MICRO FINANCE ET GESTION DES RISQUES DE VULNÉRABILITÉ PAR LES MÉNAGES RURAUX AU SÉNÉGAL

Jeudi 25 Juin 2015

Le développement de la micro finance a permis à des millions d’acteurs à travers le monde, qui n’avaient pas accès aux systèmes de financement classique, d’accéder au financement de leurs activités de production et/ou de consommation. Au Sénégal, les activités des Systèmes Financiers Décentralisés (SFD), a connu une croissance dynamique, depuis près de trois décennies, en termes de nombre de clients servis, de montants octroyés, d’emplois créés, etc.


Au Sénégal, la nouvelle approche prônée par le secteur de la micro finance, a permis une plus grande diversification de l’offre et une ouverture au monde rural, mais surtout un accroissement de la portée globale du secteur financier, qui se situe aux environs de 20%, portée essentiellement par les SFD. Le développement des services financiers au niveau des zones rurales devrait se traduire par une meilleure prise en compte des besoins des acteurs, en particulier les ménages, en termes de spécificités et de montants adéquats et à temps opportun.

Ces derniers sont souvent confrontés à des risques covariants, qui les rendent vulnérables aux chocs endogènes et exogènes, dont la gestion nécessite, souvent, l’utilisation des outils appropriés. Ce travail a consisté à analyser, de façon approfondie, comment les ménages ruraux utilisent les services offerts par les SFD afin de faire face aux risques de vulnérabilité auxquels ils sont confrontés. La notion de vulnérabilité renvoie à la capacité ou l’incapacité des acteurs à pouvoir prévenir les chocs, les gérer et pouvoir s’en sortir en cas de survenance de ceux-ci. Elle est une notion dynamique qui prend en compte les stratégies d’adaptation et de changements socio-économiques du bien être des populations et est mieux définie relativement à un certain repère de mal-être, dont la vulnérabilité à la pauvreté monétaire, la vulnérabilité à la pauvreté des conditions de vie et la vulnérabilité à la pauvreté de potentialité ou de capacités.

• Globalement, il ressort des résultats un faible degré d’utilisation des services financiers par les ménages, lié essentiellement aux lenteurs dans le traitement des dossiers de crédit, la mauvaise qualité du service, les conditions du crédit non appropriées aux besoins des clients, etc. 

• Les tests empiriques, menés dans la zone des Niayes, relèvent une différence d’indicateurs en faveur du groupe bénéficiaire du crédit, par rapport au groupe non bénéficiaire. Globalement, l’effet des services offerts par les SFD sur les capacités des ménages à améliorer sensiblement le niveau de leurs revenus monétaires semble faible dans le cadre d’une offre limitée uniquement aux seuls services financiers. Cependant, la combinaison avec les services non financiers semble mieux contribuer à l’accroissement des revenus monétaires des ménages, comme l’indiquent les résultats trouvés dans l’évaluation des actions menées par l’ONG INTERVIDA dans la banlieue de Dakar et à Joal Fadiouth. 

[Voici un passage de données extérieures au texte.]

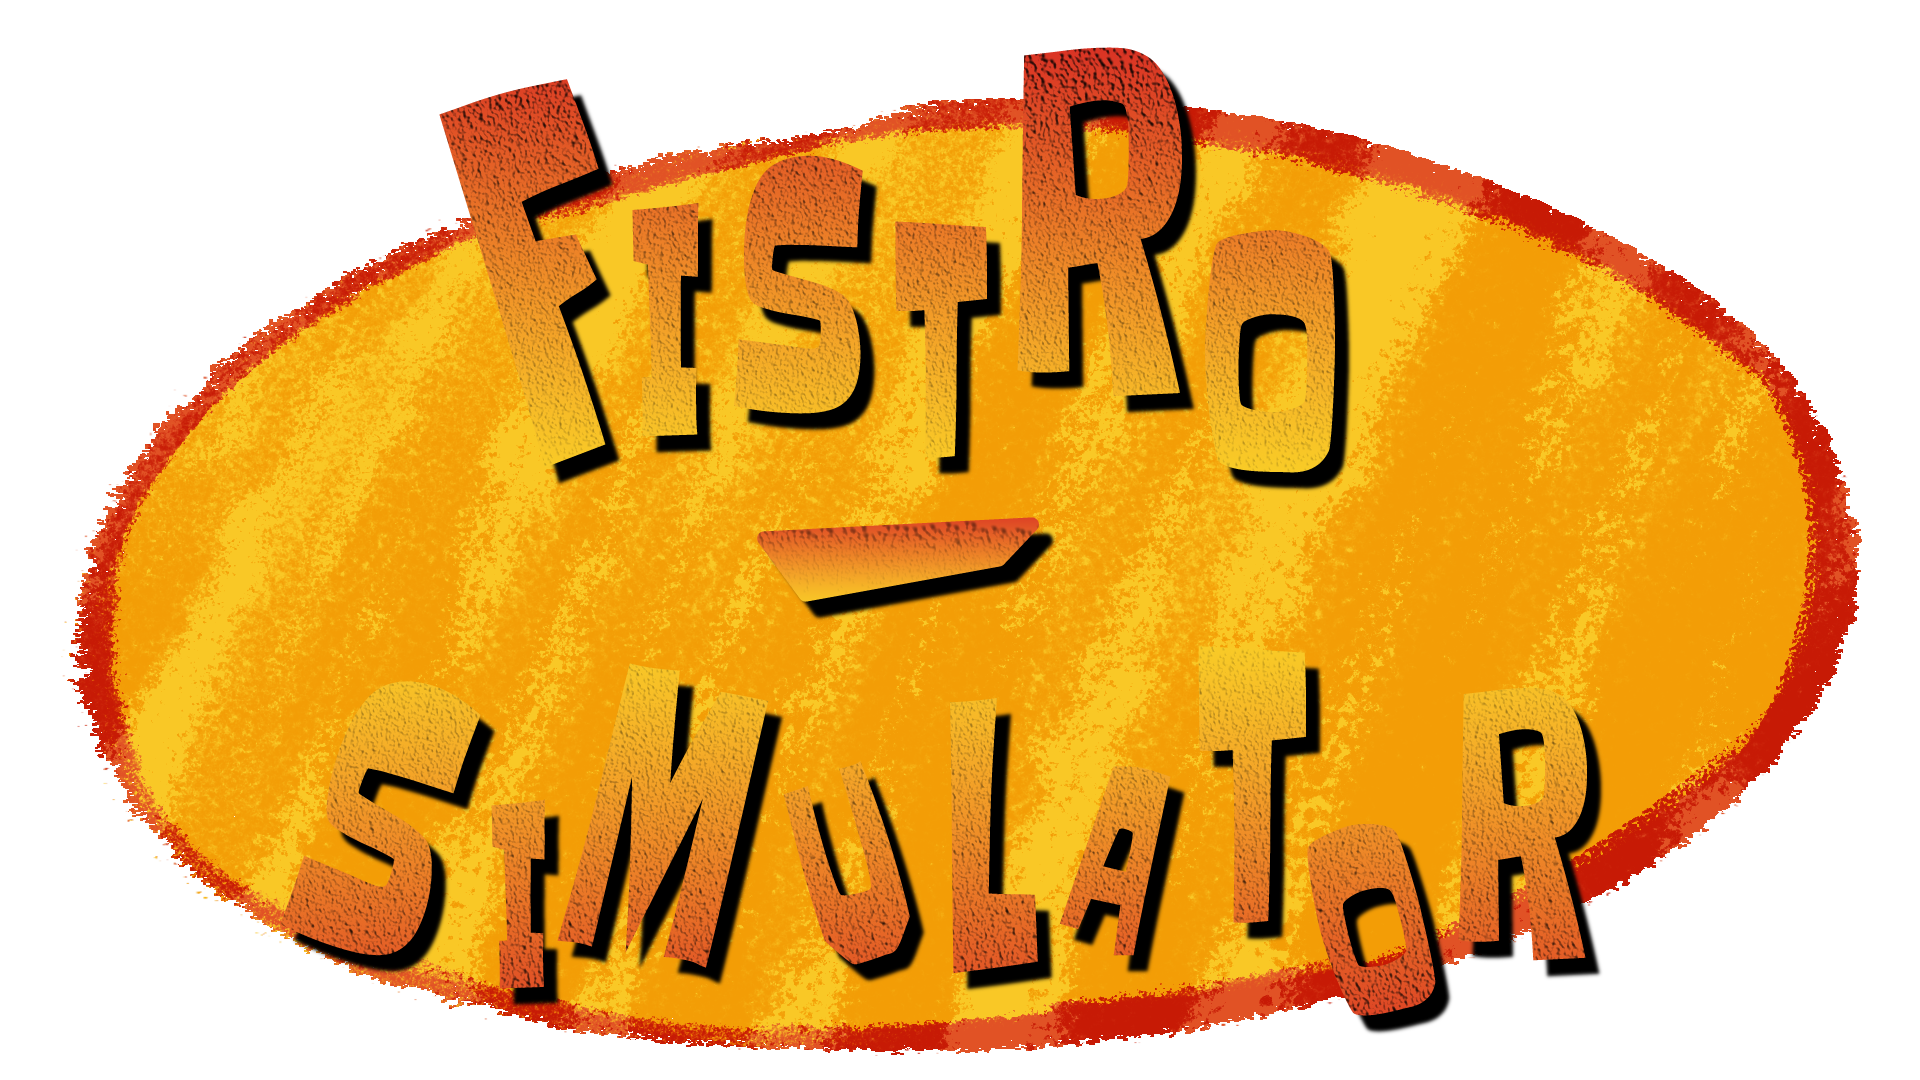 Fistro Simulator

• Suivant les résultats, près de la moitié des ménages enquêtés affichent une perception assez positive des services offerts par les SFD. Les résultats empiriques indiquent un effet positif sur les capacités des ménages à gérer les risques liés aux conditions de vie, prouvant ainsi qu’une bonne partie du crédit est souvent allouée aux besoins sociaux, même si l’objet déclaré est souvent l’investissement dans des activités productives. L’offre de services des SFD semble avoir un effet moyen sur l’amélioration des conditions de vie des populations, mesurées à travers les dépenses de consommation et d’éducation. Les résultats des tests empiriques, menés dans la zone des Niayes, indiquent un effet relativement moyen du financement sur le niveau des dépenses de consommation et d’éducation. 

• De même, les données empiriques semblent indiquer un effet moyen, des services offerts par les SFD, sur le niveau de la production et des rendements agricoles des ménages ruraux. Il ressort aussi des contraintes telles que les retards dans la mise en place du crédit, l’inadéquation de l’offre par rapport aux besoins, etc. Au regard des résultats et eu égard aux contraintes soulignées, nous pouvons conclure à un très faible effet du niveau des services financiers sur le niveau de la production et celui des rendements agricoles. Ainsi, les services offerts par les SFD semblent afficher un faible effet sur l’aptitude des ménages à pouvoir procéder aux ajustements nécessaires, surtout en ce qui concerne l’accès aux intrants agricoles dans la zone des Niayes.